Plastic bags are not worse for the earth than any of the other non-biodegradable items we throw away, and are too thin and light to take up much space in landfills. But their chief offense is when they get loose. They litter bushes and alleyways, clog sewers, and when they get into waterways, can choke marine animals and get ingested into the food chain.
According to the American Plastic Manufacturing trade group, Americans use an average of 326 plastic bags per year. Representative Denise Provost, a Somerville Democrat and proponent of the legislation, said moving to a habit of carrying reusable bags would be “a big culture shock. Especially for men.”

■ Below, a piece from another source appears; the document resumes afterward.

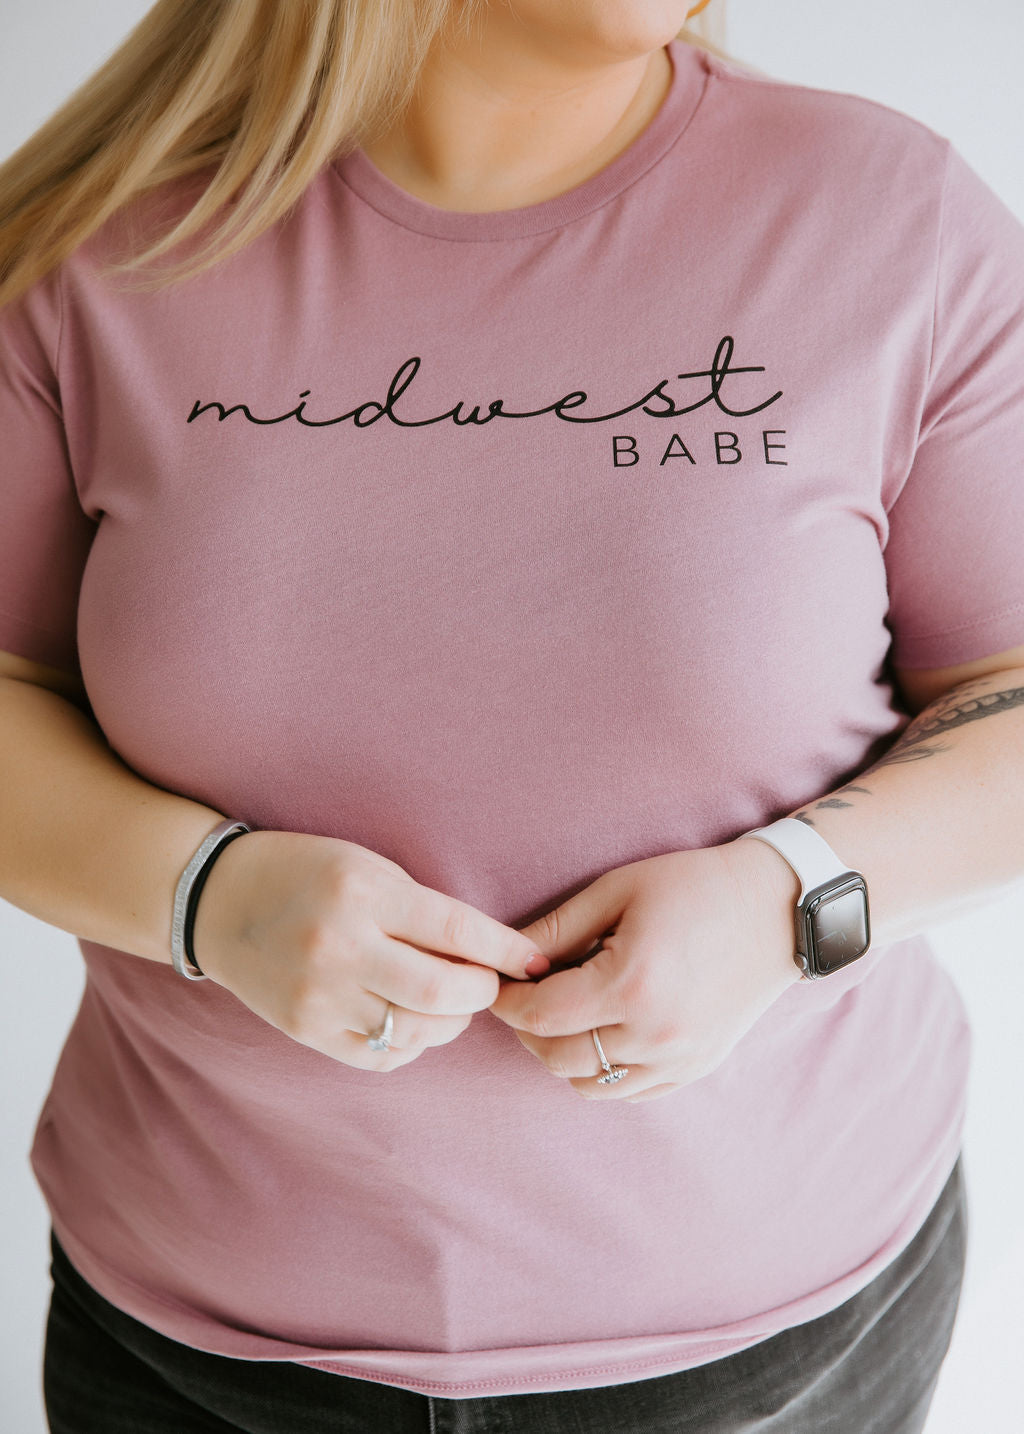 Midwest Babe Cotton Tee

She thinks there has to be an escape clause: “I think a ban can work, as long as you have some kind of bag for people to buy,” she said. “Human nature being what it is, maybe the reusable bag is forgotten at the home, or the bag is locked in the car, or they had not intended to shop while they were out.”
Many other countries, ranging from Italy to Rwanda, have adopted bans or taxes on plastic bags. Ireland, which levied a tax on plastic bags in 1990, is considered a model success.
But in Massachusetts, “it just has not gotten much attention this year,” acknowledged state Senator James B. Eldridge, a Democrat from Acton who sponsored a Senate bill banning the bags. “I think it’s a classic example where the public is very much embracing this idea, but in the legislature it’s just not as much of a priority.”